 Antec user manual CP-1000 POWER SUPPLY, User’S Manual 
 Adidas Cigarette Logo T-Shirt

···

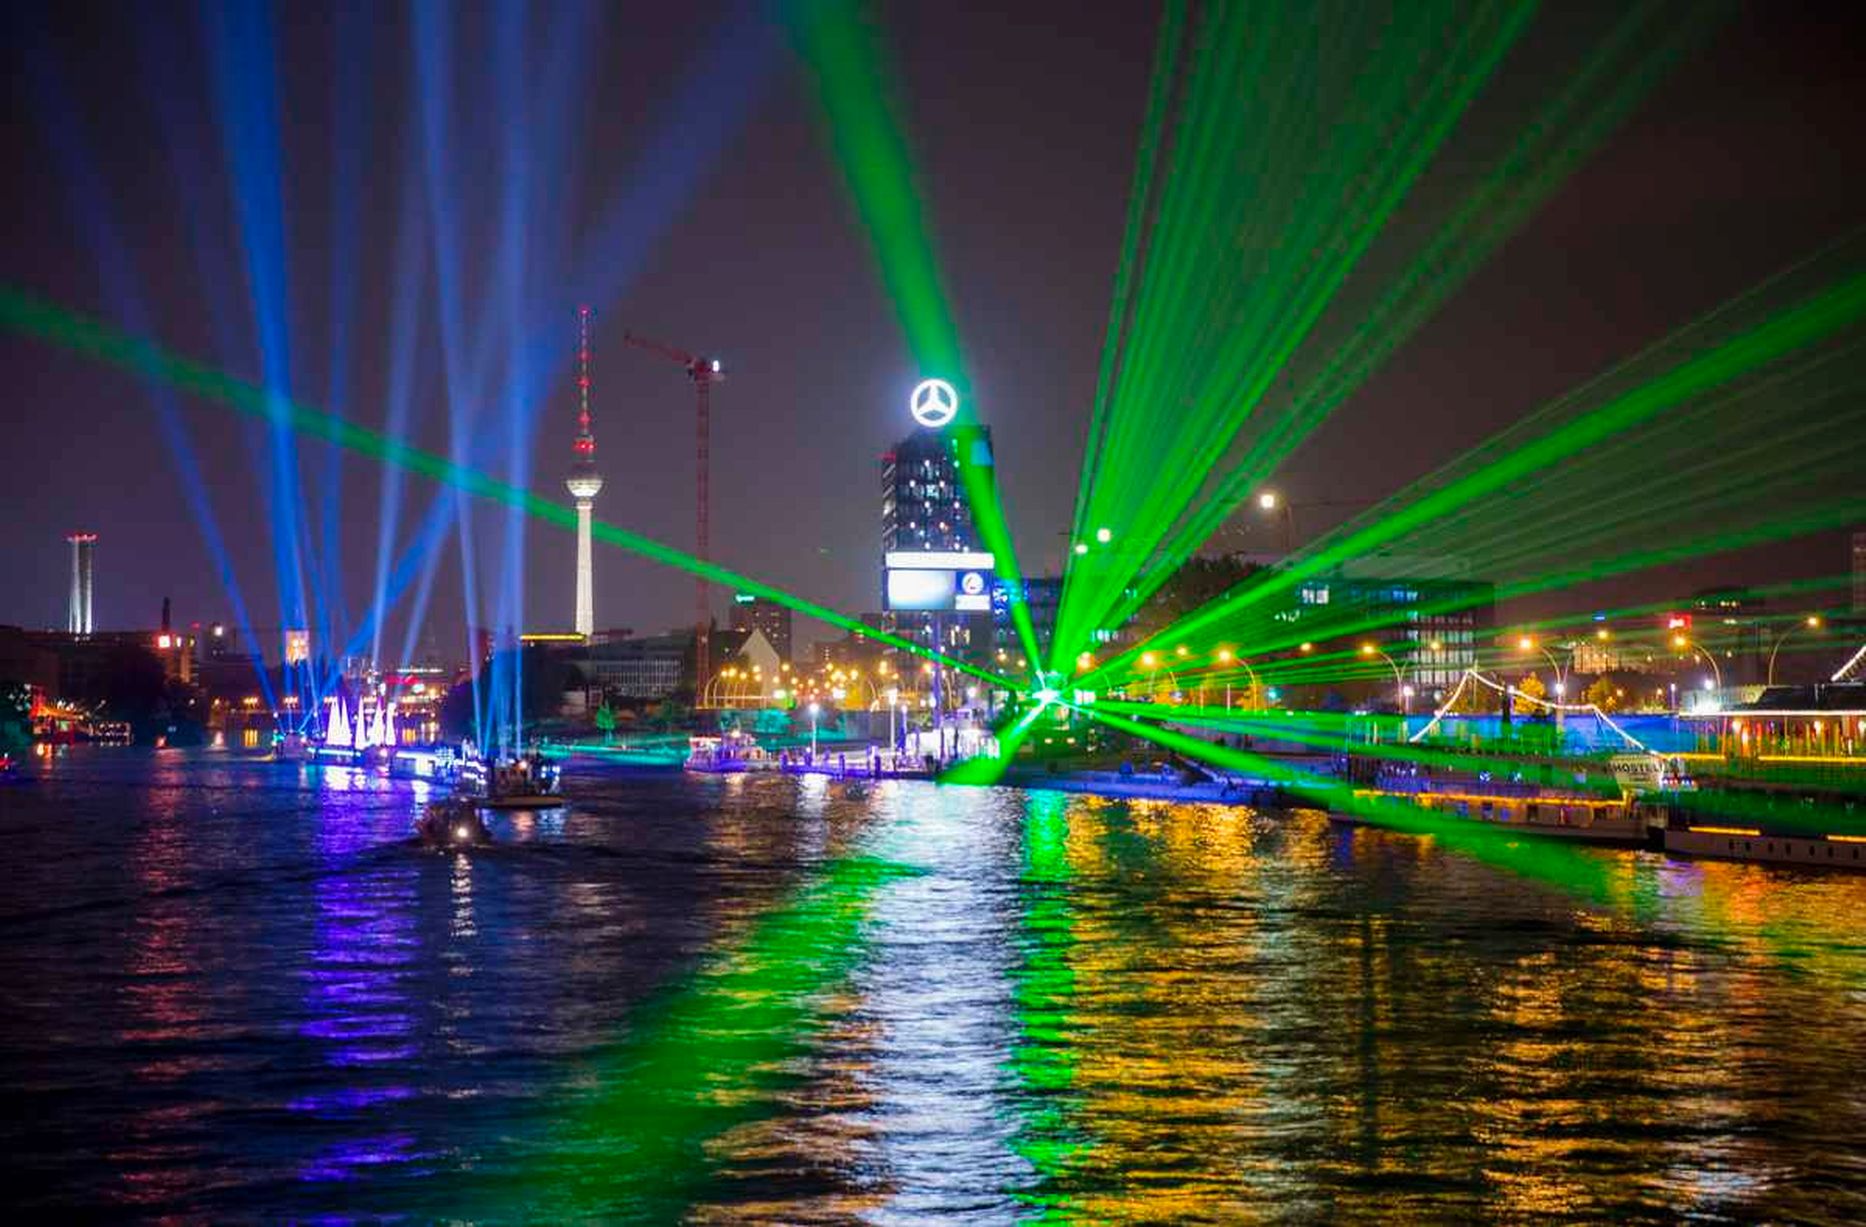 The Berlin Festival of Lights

···

__WHAT YOU NEED TO DO__. Beginning with the line containing "Antec user manual" and ending with the line containing "Adidas Cigarette Logo T-Shirt", extract those lines exactly from the listing above, and only those.

__PROBLEM SOLUTION__.
 Antec user manual CP-1000 POWER SUPPLY, User’S Manual 
 Adidas Cigarette Logo T-Shirt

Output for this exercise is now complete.